There are many targets of Trump era oppression.  Each has organized in response.  It would be very easy for each to fight alone or even allow themselves to be divided against each other the way many working class whites have been turned against natural minority allies.  It has been far from perfect, but there is a growing sense of intersectionality between these target groups—Blacks, immigrants, Muslims, women, Native Americans, labor, the disabled, the LBGT communities and others.  Not only do memberships in all of the labeled groups overlap in multiple ways like Venn diagrams, but their oppression is related and enemies the same.  They are learning—slowly and painfully—that the old American Revolution maxim applies to them to—“We must all hang together, or surely we will hang separately.”  It is the reinvention of the neglected virtue of solidarity.

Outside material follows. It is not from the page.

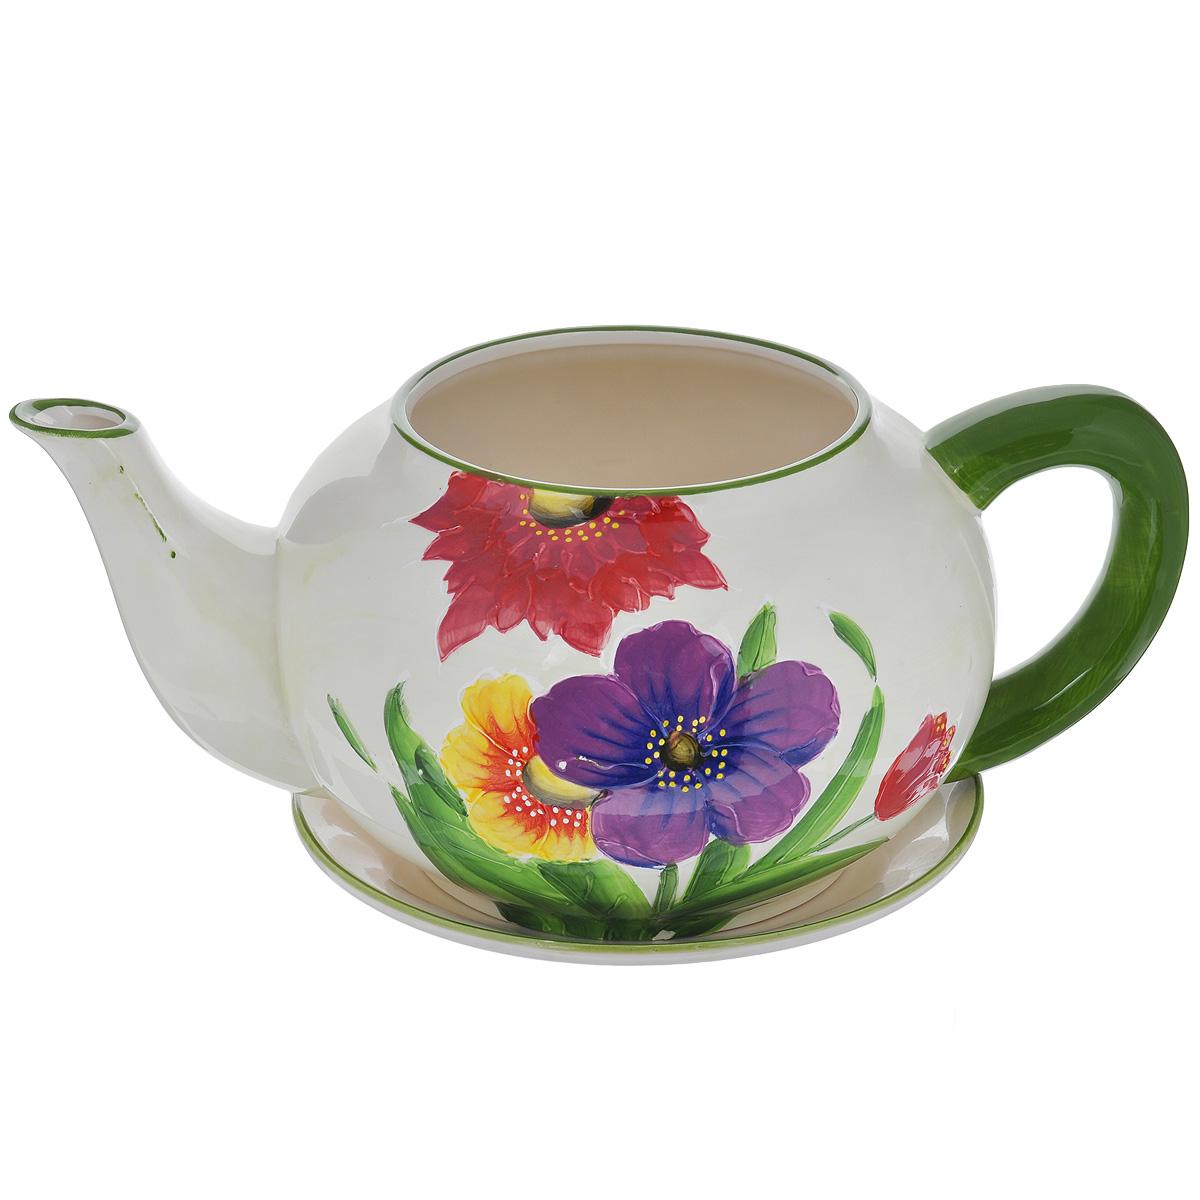 Кашпо Lillo Яркие цветы, с поддономXY10S012AКашпо-горшок для цветов Lillo Яркие цветы выполнен из прочной керамики в виде заварочного чайника с блюдцем. Изделие предназначено для цветов. Такие изделия часто становятся последним штрихом, который совершенно изменяет интерьер помещения или ландшафтный дизайн сада. Благодаря такому кашпо вы сможете украсить вашу комнату, офис, сад и другие места. Изделие оснащено специальным поддоном - блюдцем. Диаметр кашпо по верхнему краю: 14,5 см. Высота кашпо (без учета поддона): 16 см. Диаметр поддона: 23 см.

The recent Women’s March on Washington and it hundreds of sister marches like the one I attended in Chicago were far from perfect but they were not just assemblages of middle-class white women like the ERA demonstrations of the ‘70’s and ‘80’s.  Not only were the crowds much more diverse, so was the leadership and speakers reflected the broad concerns of intersectionality to roaring approval.  Millions involved that day now seem ready for continued commitment to a long, arduous, frustrating, and dangers course of action and resistance.

On the streets of Chicago this week Black Lives Matter veterans stood shoulder to shoulder with immigrants and Muslims and with many of the energized women whose first experience with protest was just the week before.  Grizzled relics of decades of protest like me found ourselves in seas of young people of all races.

Never before was Black History Month more important.  Now, more than ever before, Black History must be the text for all of us.  The lessons of Black struggle are directly applicable to the enormous challenge before us all to prevent a dissent into racist totalitarianism.  We need to learn anew the lessons intersectionality understood by Sojourner Truth, Frederick Douglass, Ida B. Wells, and Martin Luther King.